Имело ли вообще значение, отвез ли Абель Хейзел весной на ферму Тейлоров? Зачем кому-то лгать об этом? Это казалось не более чем очередным отвлекающим маневром. К этому моменту О’Брайен все равно был на грани полного исключения Тейлора из числа подозреваемых, отвергнув его как молчаливого, свирепого человека, не интересующегося ничем, кроме своей фермы, даже тем, что практически на его заднем дворе обнаружено тело его собственной племянницы.
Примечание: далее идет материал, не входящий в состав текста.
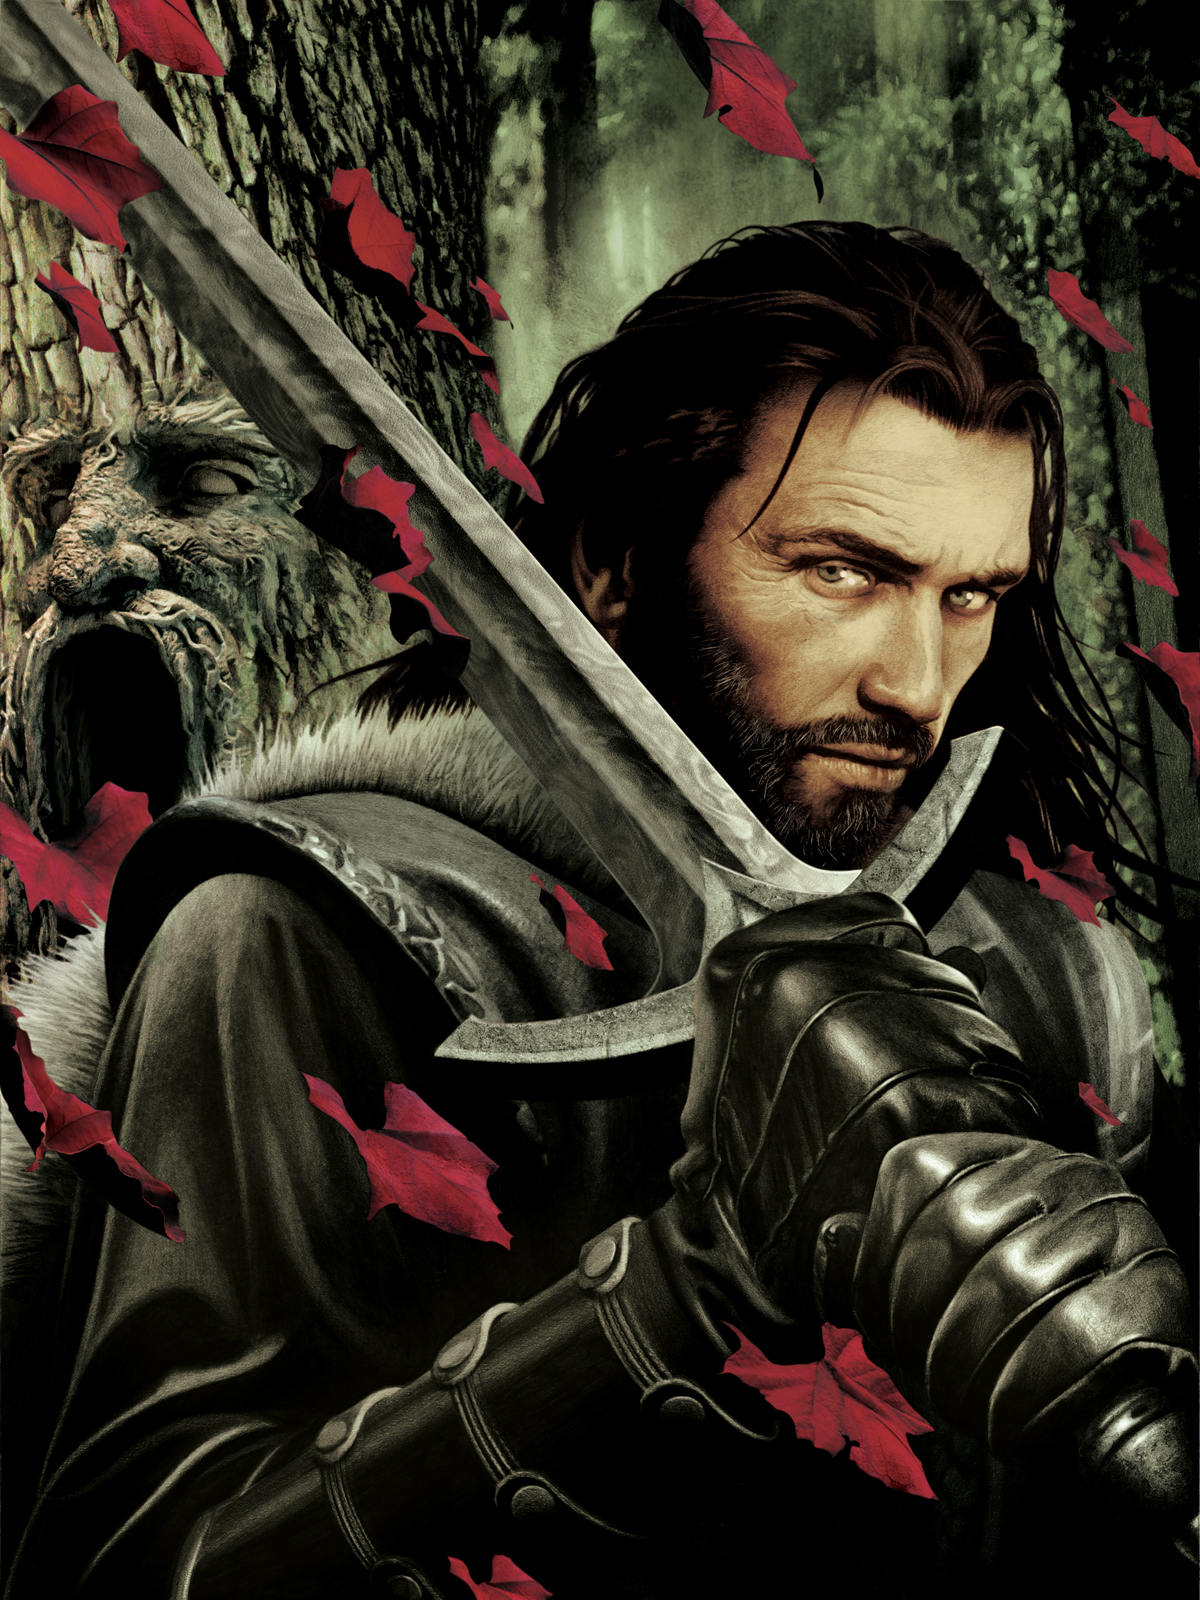 Fantasy Artist John Picacio On Bringing Iconic Game Of Thrones Characters To Life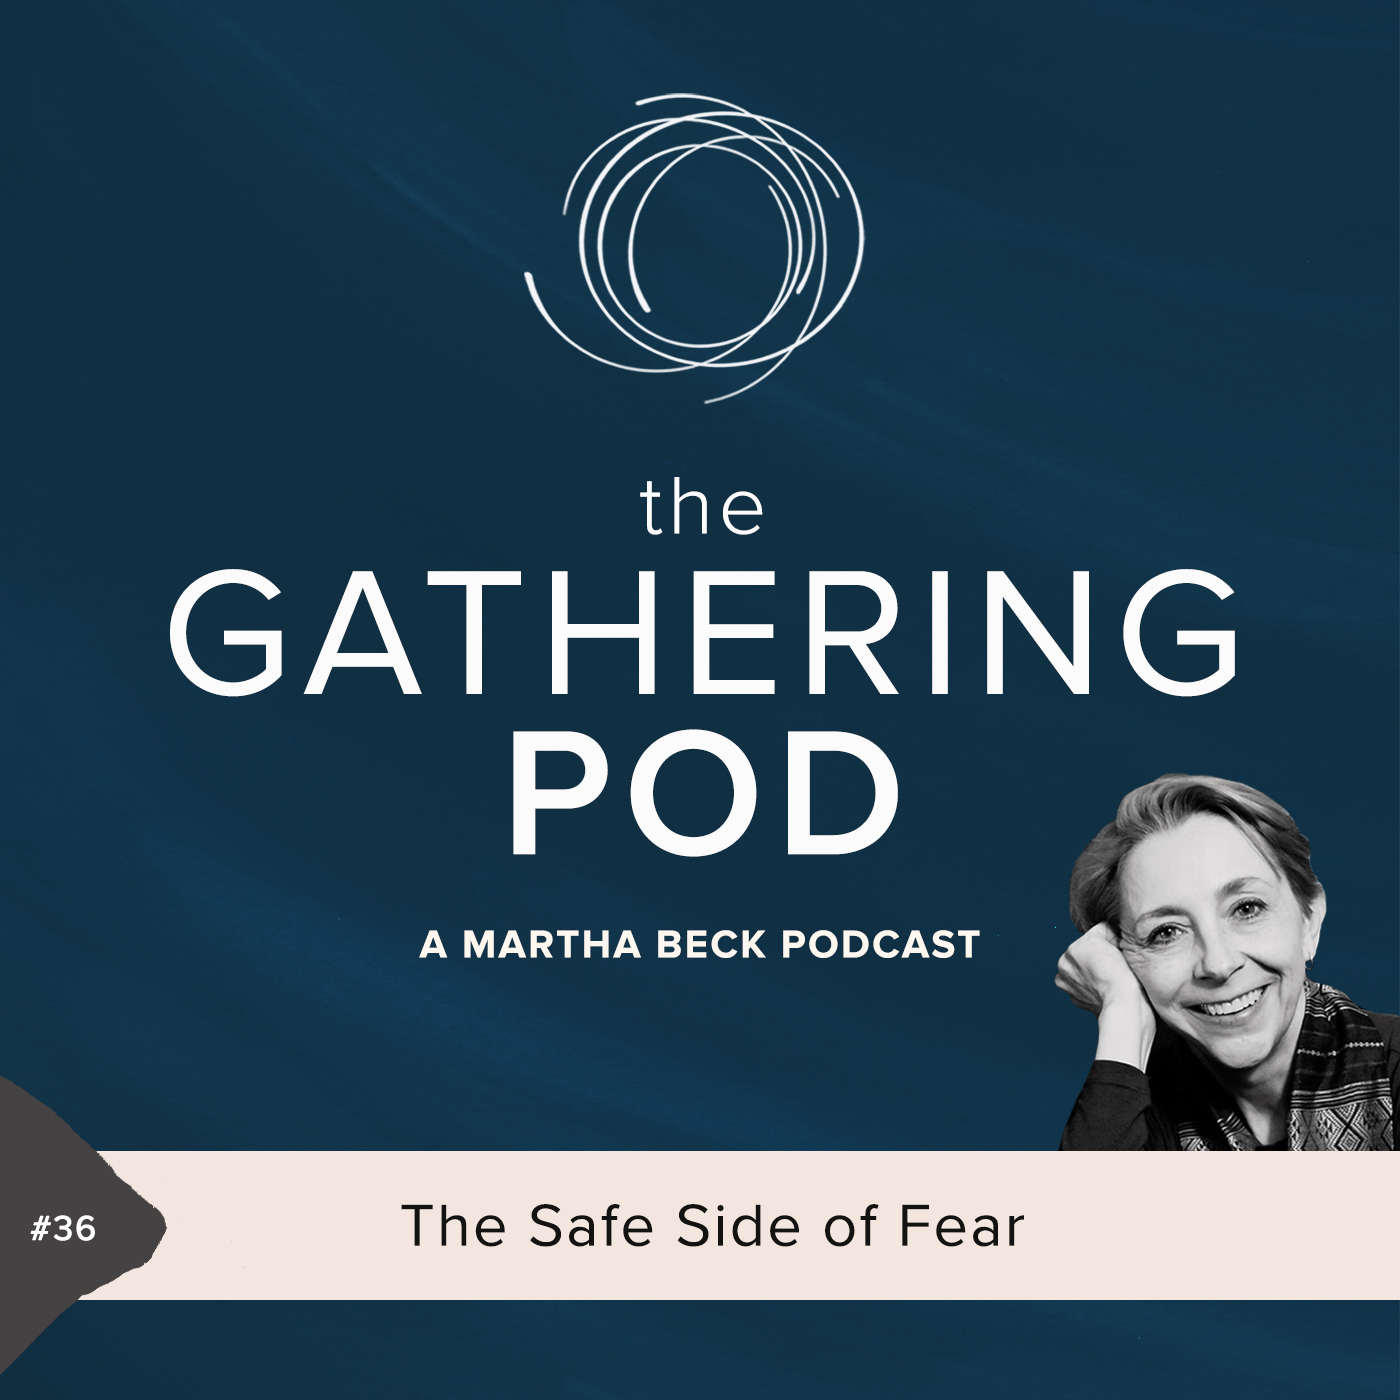 Image for The Gathering Pod A Martha Beck Podcast Episode #36 The Safe Side of Fear

Один вычеркнут, другой остался.
* * *
– Присаживайся, Фрэнк. Как поживаешь?
О’Брайен сидел за столом в своем кабинете, уставившись на неуклюжего деревенского парня, который причинил ему столько неприятностей за последние две недели. Но мог ли этот тупоголовый юнец – слишком юный даже для того, чтобы отрастить настоящие усы, – совершить убийство?
О’Брайен вернул его к событиям вечера 7 июля и последующих дней, и парнишка дал полный отчет о своих передвижениях. Теперь О’Брайену казалось, что повторный допрос, которому Смита подвергли детективы, наконец-то свел его версию событий в более или менее последовательное повествование, которое не оставляло каких-либо шансов доказать его причастность к убийству.
Отвечая на вопрос о предпринятом им самим «расследовании», когда Фрэнк расспрашивал местных жителей насчет того, куда могла пойти Хейзел после встречи с ним на Табортон-роуд, мальчишка сообщил новую информацию: младший брат Хейзел, Вилли М. Дрю, жил в табортонской семье по имени Совальски примерно во время убийства.
О’Брайен и Кей, который тоже был в комнате, обменялись еще одним усталым взглядом: не слишком ли поздно для таких откровений?
Когда О’Брайен перешел к рассказу Джона Абеля о том, как тот отвез Хейзел на ферму Тейлора, Смит снова встал на сторону ливрейщика, уверенно заявив, что видел Хейзел в экипаже Абеля в апреле по дороге к Тейлору.
– Тебе известно, что Уилл Тейлор полностью отрицает историю мистера Абеля? Говорит, Хейзел не была у него с зимы.
– Может, он так и сказал, но это не значит, что так оно и было.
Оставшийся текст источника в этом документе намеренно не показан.